Hearst looks like it is having some trouble filling Glenda Bailey’s old role at Harper’s Bazaar and is now scrambling to name a replacement editor-in-chief before Fashion Week begins in March.
“It’s odd that we haven’t heard anything from them with the fashion shows just around the corner,” said a source at a rival publisher.
Laura Brown, the editor-in-chief of InStyle, is the newest name on the wish list, sources tell Media Ink. She has been approached but so far has given Hearst Magazines president Troy Young and chief content officer Kate Lewis the brush-off.

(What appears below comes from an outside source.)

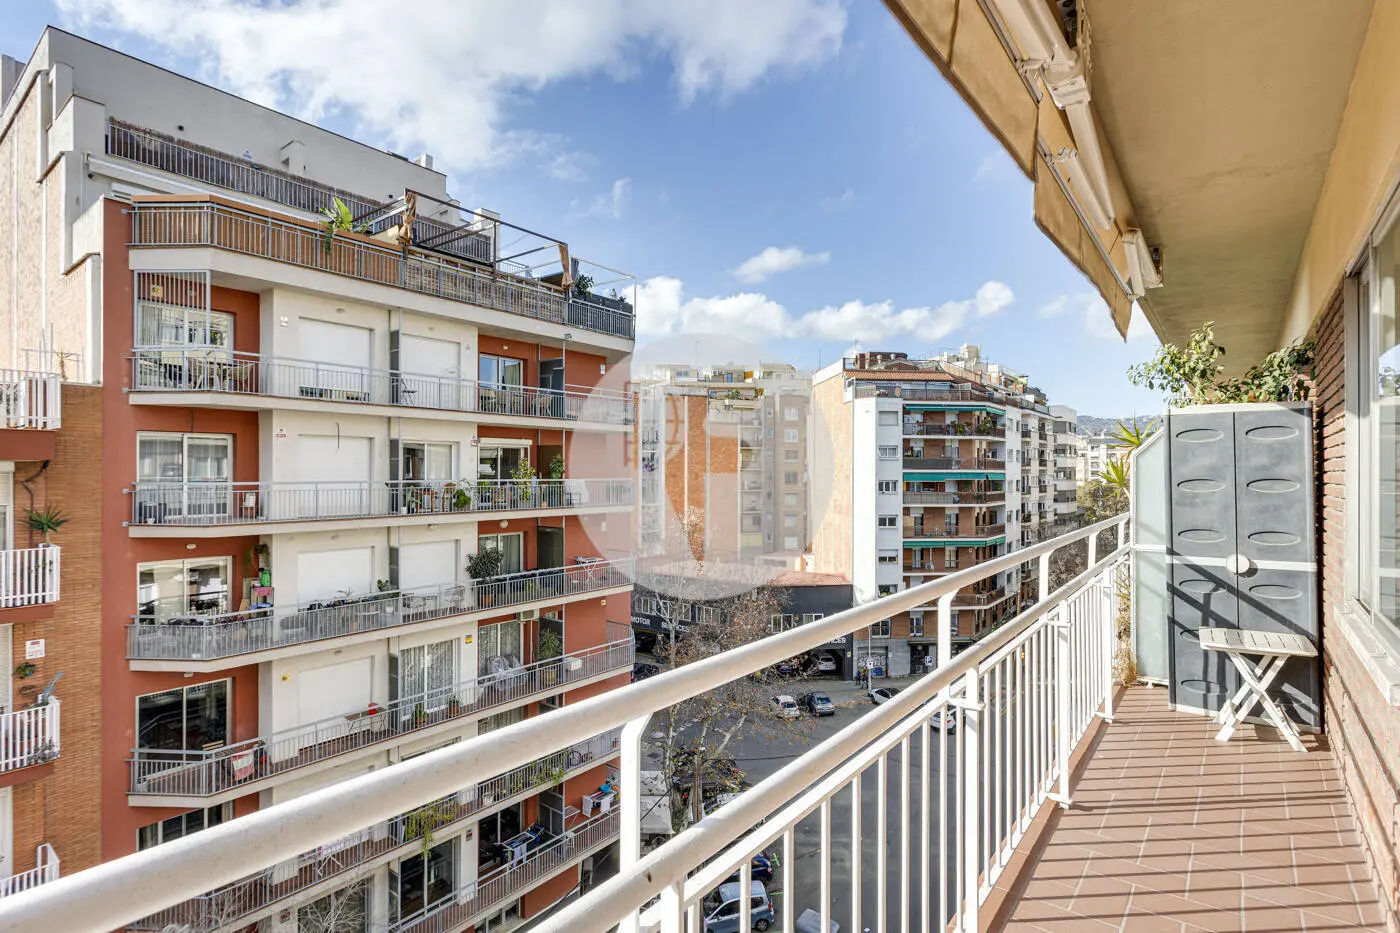 Piso de 3 habitaciones ubicado en el barrio de la Nova Esquerra de l'Eixample de Barcelona. 6
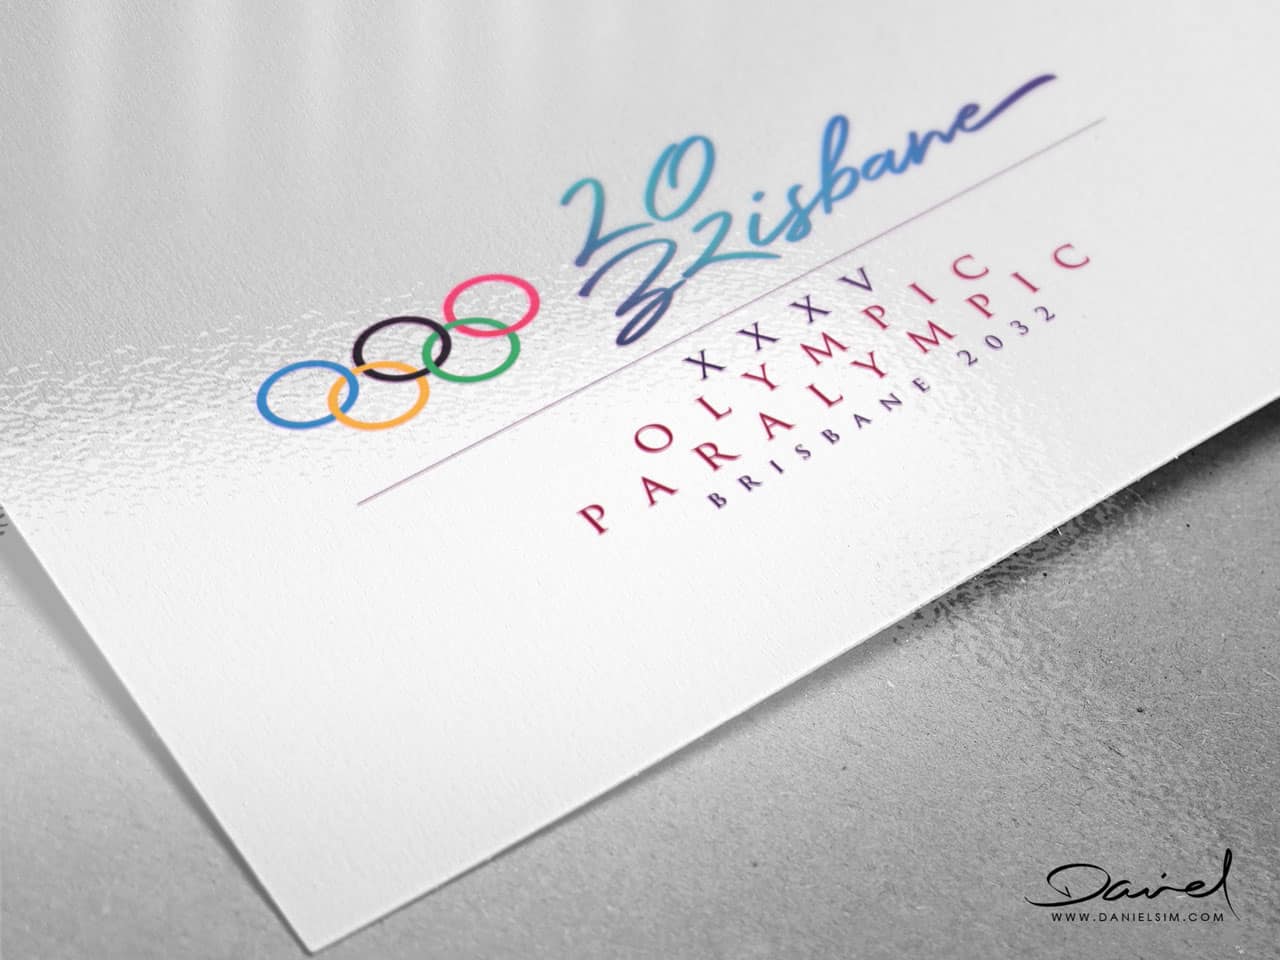 Brisbane Olympic Logo by Daniel Sim

One source with knowledge of the search said that Brown, an executive editor at Harper’s Bazaar before she was lured to replace Ariel Foxman at InStyle, has not been crossed off the list entirely but is now regarded as “a long shot.”
Two other potential candidates, WSJ Magazine editor Kristina O’Neill and Stella Bugbee, editor-in-chief of New York Magazine fashion site The Cut, have both been in to see the Hearst executives but are not interested. Joyann King, the inside candidate who is running Bazaar’s website, is also still in the running, even as Hearst looks outside.
The job opened up when Bailey said she was going to step down after 19 years and be a consultant to the worldwide HB brand. She was seen as a highly creative print designer with a long list of advertising contacts. On the other hand, she did not have any of the digital expertise that is vital in the current media mix — and was also said to be tough to work for. That might have hastened Hearst to make the retirement decision without a clear replacement in mind.
“She was an absolute nightmare to work for,” said one ex-staffer. “‘The Devil Wears Prada’ writ large.”
An insider at Hearst now says a replacement is expected “in the next month or so.”